I was forced to admit that I had acted very clumsily. I humbly begged her pardon. I would never do it again. Her next bridegroom might be a Mohammedan, for all that I cared.
"You never could speak sensibly to me. No matter! I'll bring Wenceslaus Kvatopil back here one of these days."
And off she went in a huff.
This interruption had annoyed me. I had lots to do. I had to write the addresses of our subscribers on the covers of the neatly folded newspapers. This was not an ideal occupation, especially when one had to paste on the wrappers as well, which it was also my business to do. Some proof-sheets were also awaiting me with a lot of printers' errors. It was a realization of the proverb, "When the church is poor, the parson tolls the bell himself." In my leisure hours, however—my time of repose—I went on with my romance, "A Hungarian Nabob"; the idea of the principal character I had borrowed from a story of my wife's.
A couple of weeks elapsed. One evening, when I was hesitating whether I should go and see about my oil-lamp myself, or wait till clerk Coloman returned home from the post, or the chamber-maid from the theatre, whither she had gone to carry my consort her costume in a basket, a violent ringing began outside. I had to go and open the door myself.
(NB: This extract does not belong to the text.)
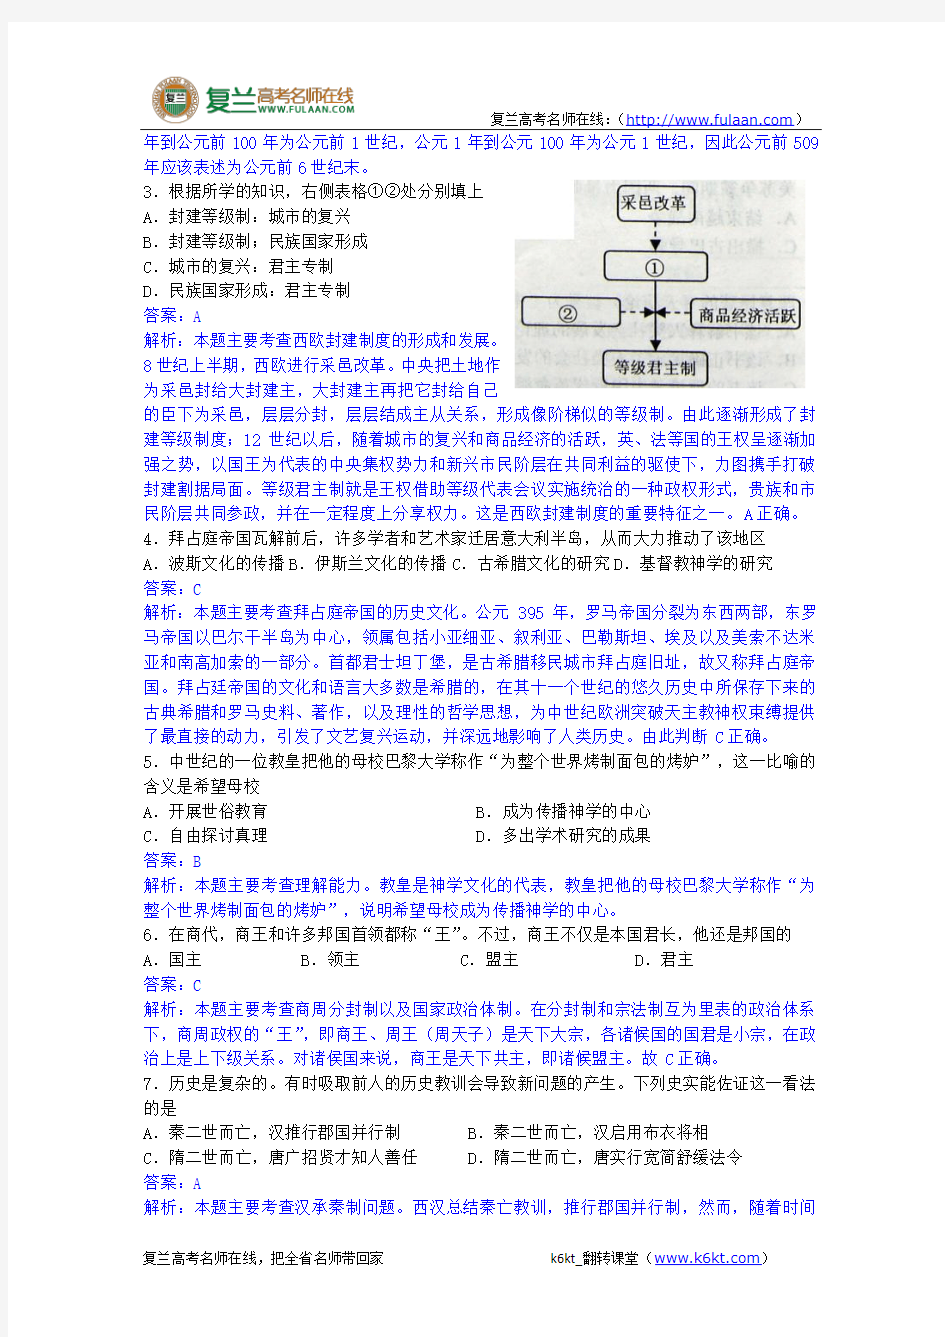 2011年高考试题——历史(上海卷)-复兰高考名师在线精编解析版

To my great surprise, I saw Bessy before me with her lieutenant on her arm.
Wenceslaus Kvatopil was bubbling over with affability.
"Here I am again, sir. They have arrested me, and put me in chains. I must surrender."
Yes, I thought, when the starving garrison is reduced to horse-flesh.
"The siege was vigorous. Such batteries. Look! Those eyes! Congreve rockets are nothing in comparison. The star battery is already taken."